Now Judge Cogan has ruled that such co-operation violates federal law and that “those non-exempt entities would suffer “injury” because the Mandate renders them complicit in a scheme aimed at providing coverage to which they have a religious objection.” In other words, the right not to be compelled by law to an action your conscience, guided by your religious faith, forbids has been upheld. It is a small but significant victory for all religious groups in the US, not just the Catholics, who have long objected to this aspect of “Obamacare.”

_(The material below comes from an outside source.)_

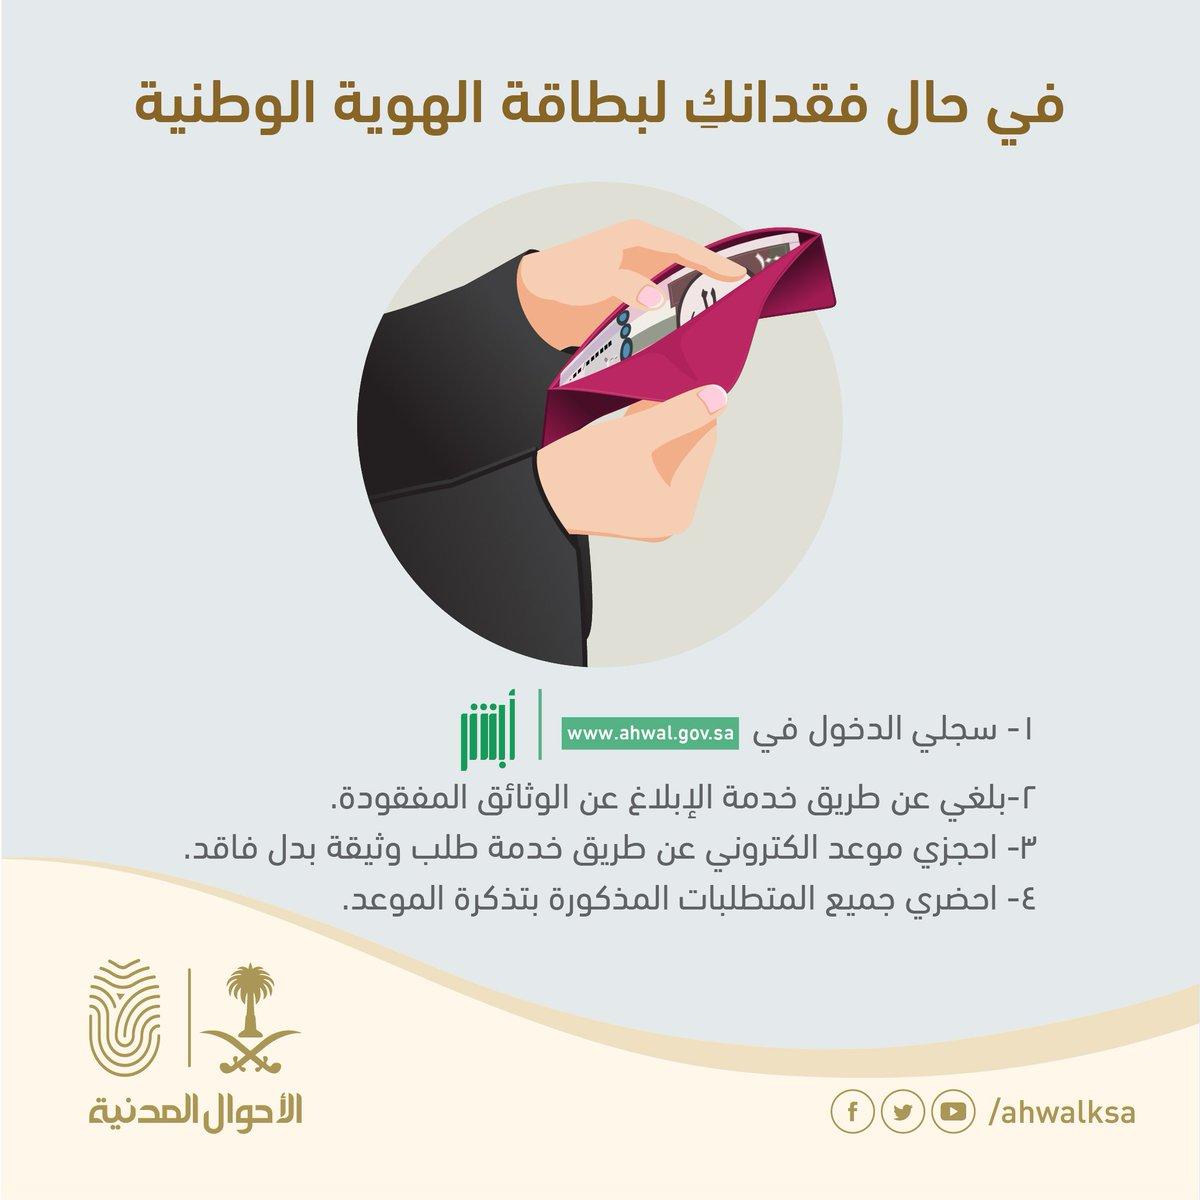 العناية بالعملاء Twitterissa يتم حجز موعد لإصدار بدل فاقد عن طريق أبشر نسعد بخدمتك

Olsen comments that “The court has correctly cut through the artificial construct which essentially made faith-based organisations other than churches and other houses of worship second class citizens with second-class First Amendment protections. “ He pointed out that religious freedom is the “First Freedom” guaranteed by the constitution of the United States. He adds, “This decision wisely and properly affirms that this freedom must extend beyond merely being free to choose how we worship and must include how we act in accord with our religious beliefs.”

The Archdiocese of New York has responded that it “welcomes and applauds Judge Brian Cogan’s thoughtful decision and order that holds that so-called non exempt religious agencies have religious freedom rights and are therefore not bound by the Affordable Care Act’s requirement to provide in their health insurance plans coverage for contraceptives, abortifacients, and sterilization, as well as counselling as respects these objectionable products and services.”

This ruling sends out a signal that “Obamacare”, for all its determination to coerce all employers to provide insurance for their employees’ private sex lives, cannot presume to force its citizens to act against their conscience. Christmas presents certainly come in different shapes and forms.